= Chuck Roberts =

American broadcast journalist

Charles S. Roberts (born October 25, 1950, Santa Fe, New Mexico) is an American broadcast journalist, most notable for being the former weekday news anchor on Headline News, based at CNN's world headquarters in Atlanta, Georgia. He was the longest-serving anchor among the CNN networks, anchoring weekday broadcasts on what would later be known as HLN from that network's debut as CNN2 on January 1, 1982—when he was the first anchor on its airwaves—until his retirement on July 30, 2010.

From 1973–1975, Roberts anchored the evening news at KRGV-TV in Texas. Before joining KRGV, he was a newscaster at WHB Radio in Kansas City, Missouri from 1971–1973. From 1970–1971, he anchored morning newscasts at KOMU-TV, the NBC affiliate in Columbia, Missouri.

During his time at Headline News, Roberts led the network's coverage for each national election. In 1989, Roberts reported from a rooftop in Charleston, South Carolina, on Hurricane Hugo's arrival. In 1985, he reported live on the trial of Wayne Williams, who was convicted in the Atlanta child murders case. In 2003, the U.S. Army Forces Command in Atlanta asked Roberts to host the 228th birthday celebration of the U.S. Army.

Before joining Headline News, Roberts was the principal weeknight anchor at KMTV in Omaha, Nebraska. During that time, he conducted an exclusive interview with serial killer Caril Ann Fugate for KMTV and flew aboard the Strategic Air Command post-nuclear-attack airborne command post "Looking Glass".

Roberts is a member of the Atlanta Press Club and the National Society of Professional Journalists. He is a recipient of the 1971 University of Missouri Faculty/Student Award for Outstanding Journalism and, in 1998, was inducted into the New Mexico Military Institute's Hall of Fame for "lifetime achievement in service to the ideals of America."

Roberts is a graduate of the New Mexico Military Institute (NMMI), a State of New Mexico supported educational institution located in Roswell, New Mexico. He earned a bachelor's degree in journalism from the University of Missouri. He volunteers with Project for Humanity causes in Atlanta.

Roberts became known nationally in the summer of 2006 for referring in a question to Connecticut Senate candidate Ned Lamont as the "al-Qaeda" candidate.

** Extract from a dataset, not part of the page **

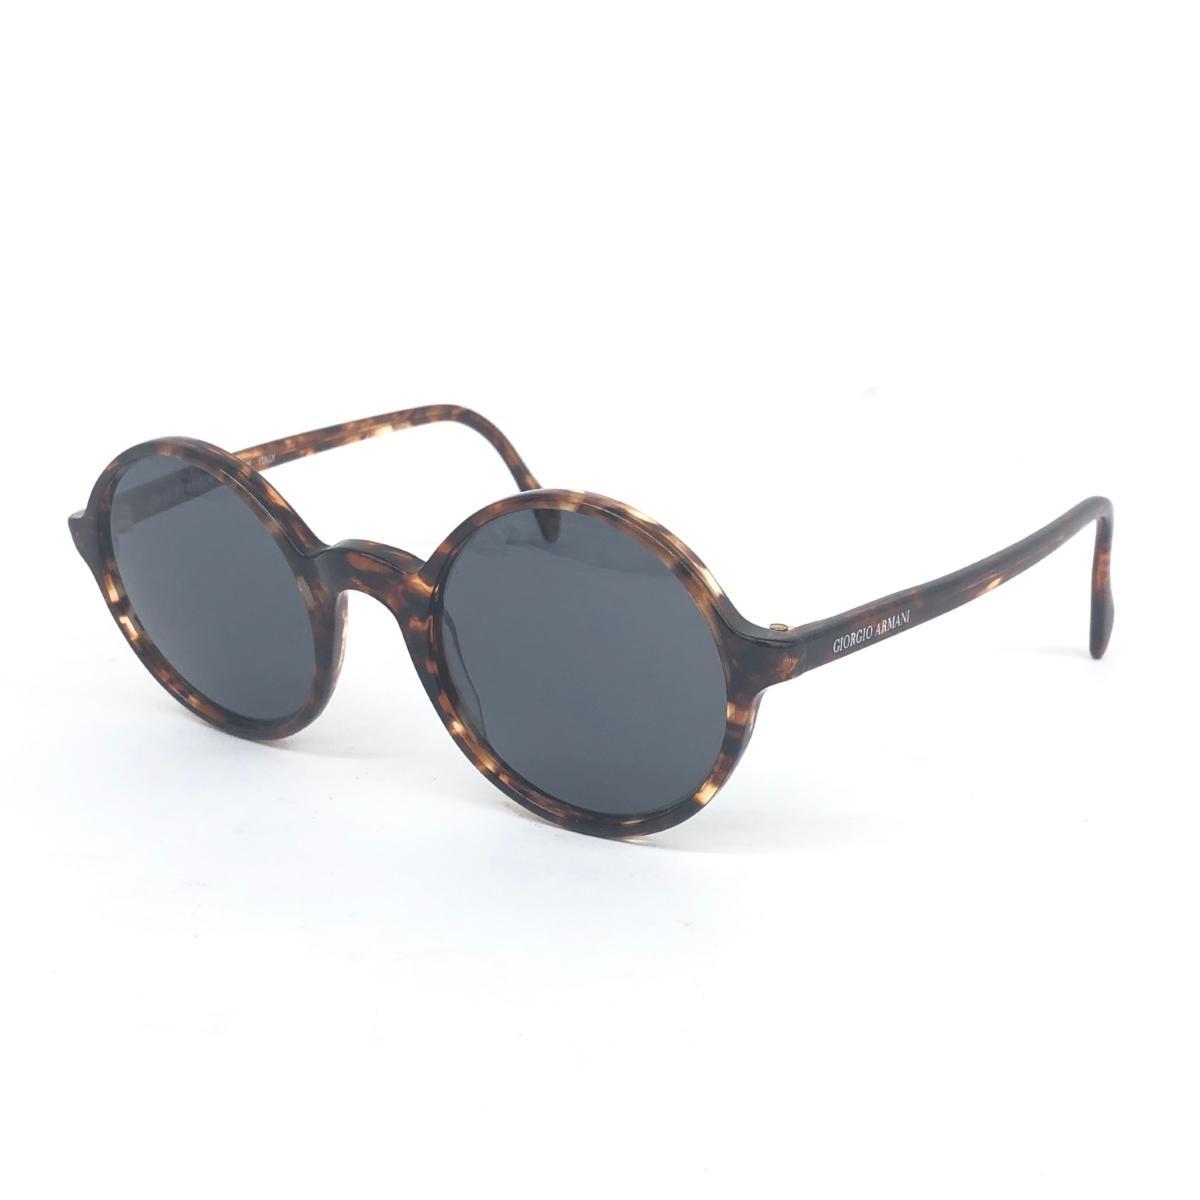 ◆GIORGIO ARMANI ジョルジオアルマーニ サングラス◆304 013 ブラウン ラウンド型 ユニセックス イタリア製 メガネ sunglasses 服飾小物_画像1
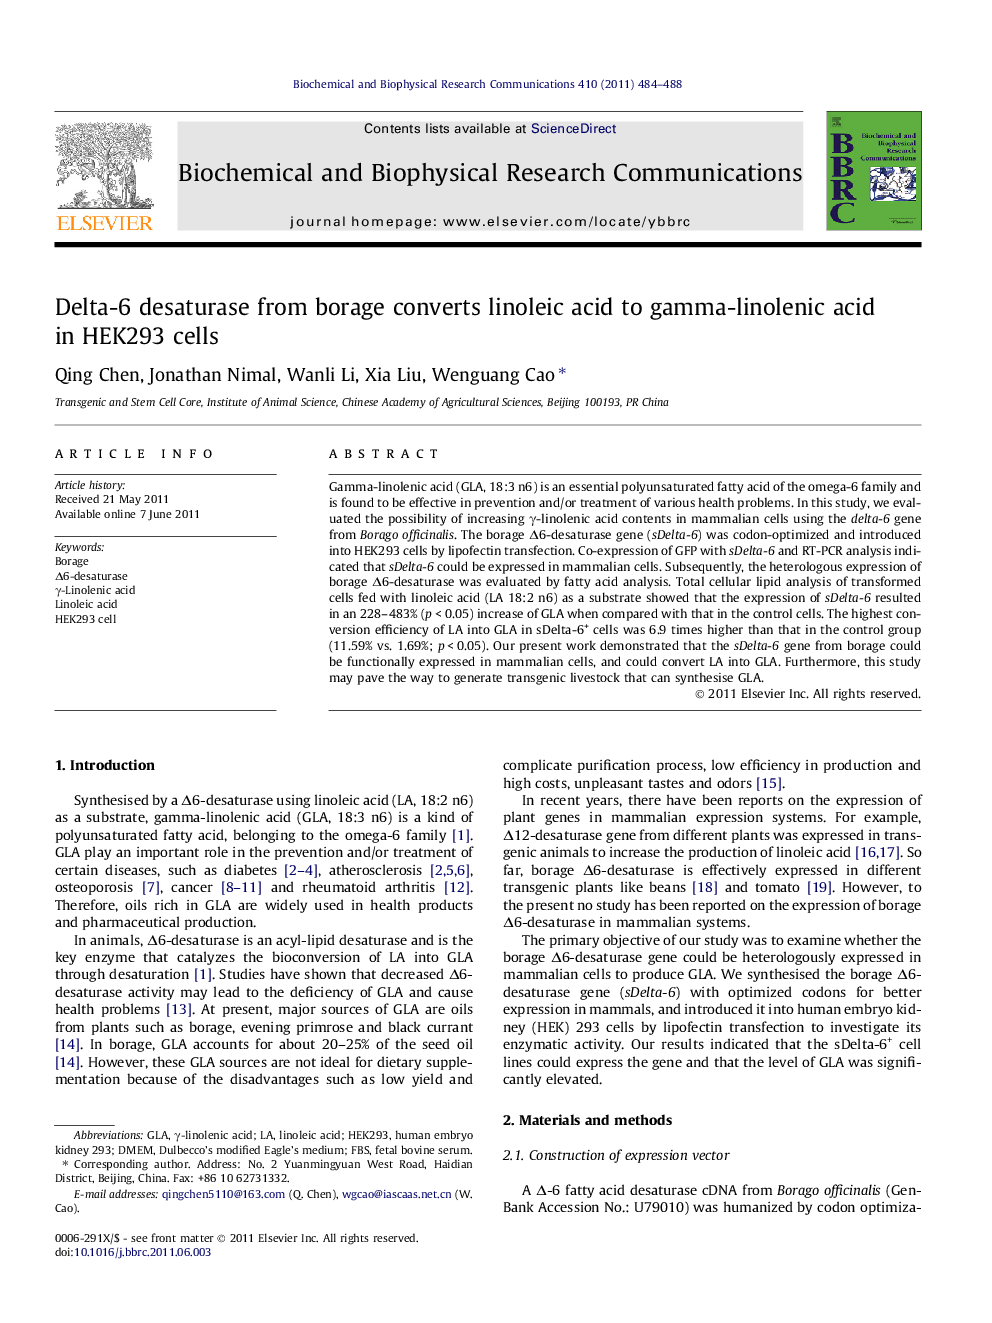 Delta-6 desaturase from borage converts linoleic acid to gamma-linolenic acid in HEK293 cells

However, a Google search on August 12, 2006, showed no reference on the Internet in which someone referred to Lamont as such. Nevertheless, Roberts' comment led to calls in the blogosphere for an apology. On August 13, 2006, Arianna Huffington, in an interview with CNN, demanded that Roberts be held accountable for his comment and wondered why he wasn't "demoted to covering Paris Hilton or entertainment news where the truth doesn't matter.". Roberts apologized on air to Lamont during the afternoon of August 15, 2006, saying, "...I posed [the question] badly, stupidly..."

Today, Roberts works at WYAY Newsradio 106.7 in Atlanta, and serves as a consultant to them and its owner, Cumulus Media. He also provides reports for the station.